The rise of mobile technology also presents stores with an opportunity to better reach customers via personalized messages and identification.
Currently, only 6 percent of retailers can identify a customer by her phone when she walks through the door, but 39 percent plan to implement such technology within two years. This information will help the salesperson give personalized service and allows the retailer to send personalized messages to the consumer.
Customer WiFi will also help retailers to personalize service and messages. If the customer needs to create an account to login, the retailer can use that information to track the customer’s browsing history or triangulate location and use that data for guided selling.

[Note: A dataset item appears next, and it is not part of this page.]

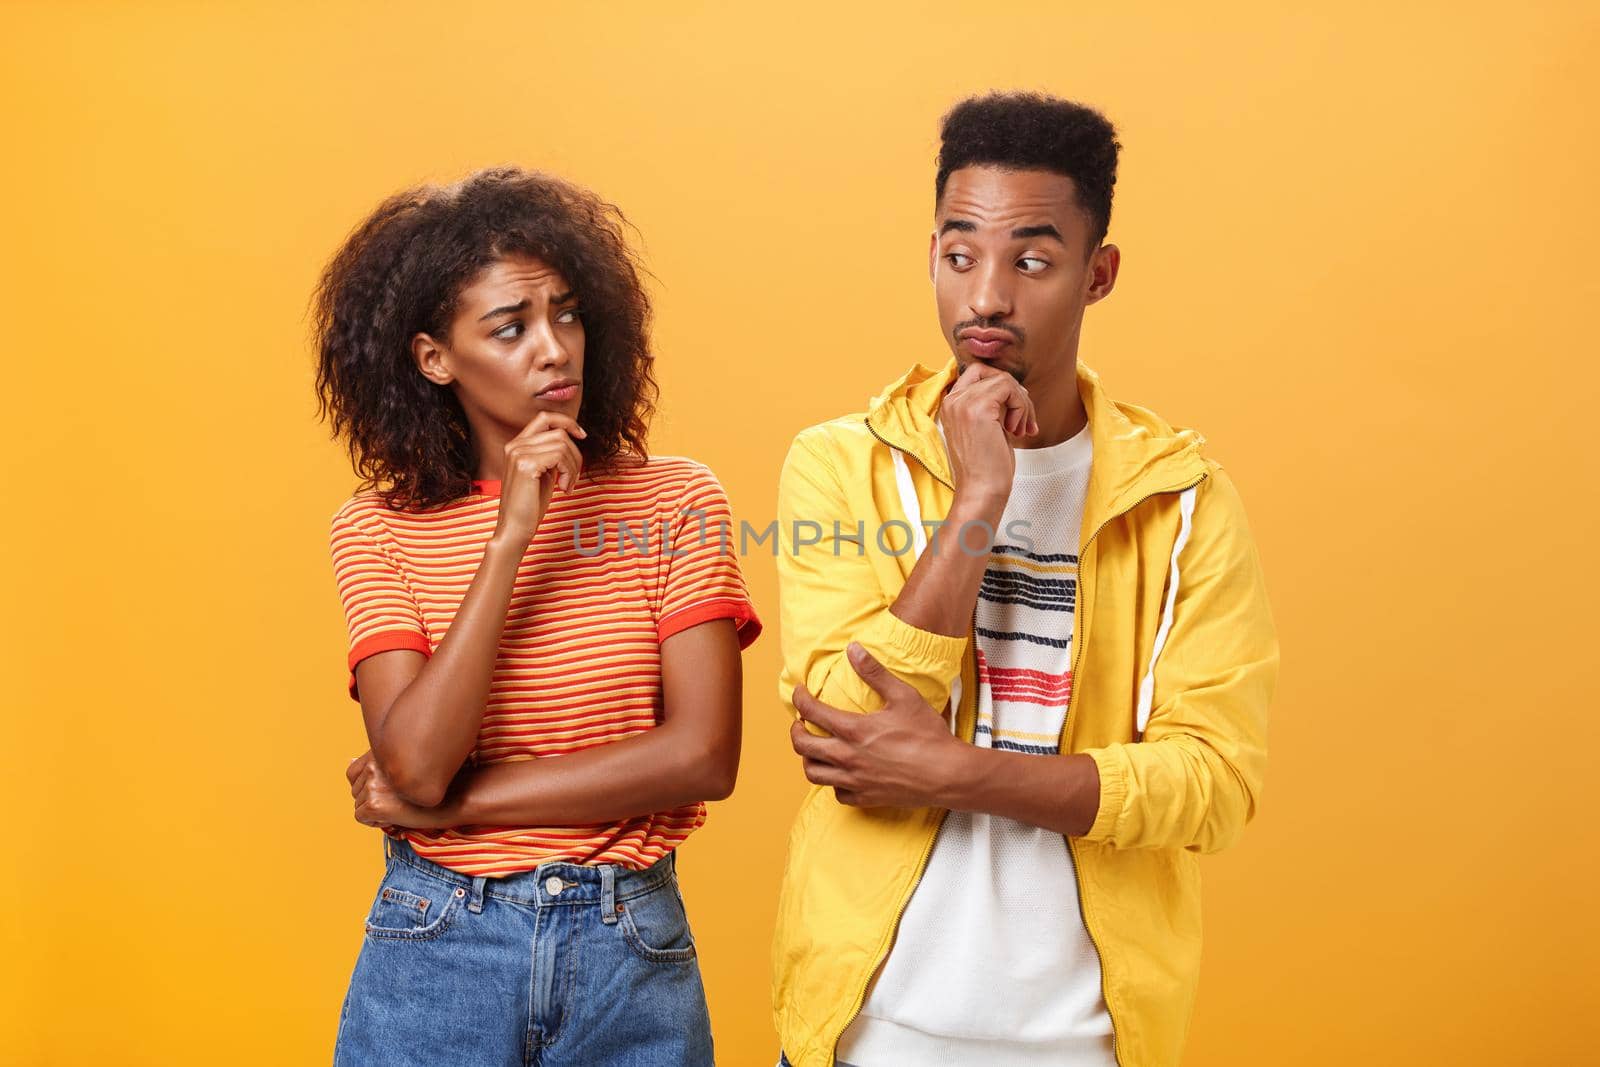 Silly confused girl standing gloomy and worried pursing lips and frowning holding hand on chin looking at boyfriend confused while guy glancing at girlfriend with curious expression over orange wall. Lifestyle.

Twenty-seven percent of retailers are taking this technology to the next step with geolocation technology, which will allow relevant messages to be sent to the consumer from locations outside the store (see story).
"I think it’s very important for retailers to look for new ways to serve customers and to understand how these new technologies might help," Mr. Ryski said. "But the fact is, I hear a lot about promised benefits, but I’m not sure retailers are actually finding the return on investment they had hoped for.
"Retailers are willing to invest, but they want proof of efficacy," he said. "We encourage more retailers to do A/B testing and use traffic and conversion analytics as context to help measure the impact of these experimental initiatives."
There is lots of experimentation going on, but full-chain rollouts seem few and far between. Part of the challenge has to do with the complexity and effort it takes to successfully deploy and maintain these systems. A great technology poorly implemented or maintained won’t deliver much value, so whether it’s the technology itself or implementation, it seems that many of these new technologies are still very much experimental.
"The fact that many of these technologies are not broadly adopted is indicative of where retailers are at with them," Mr. Ryski said.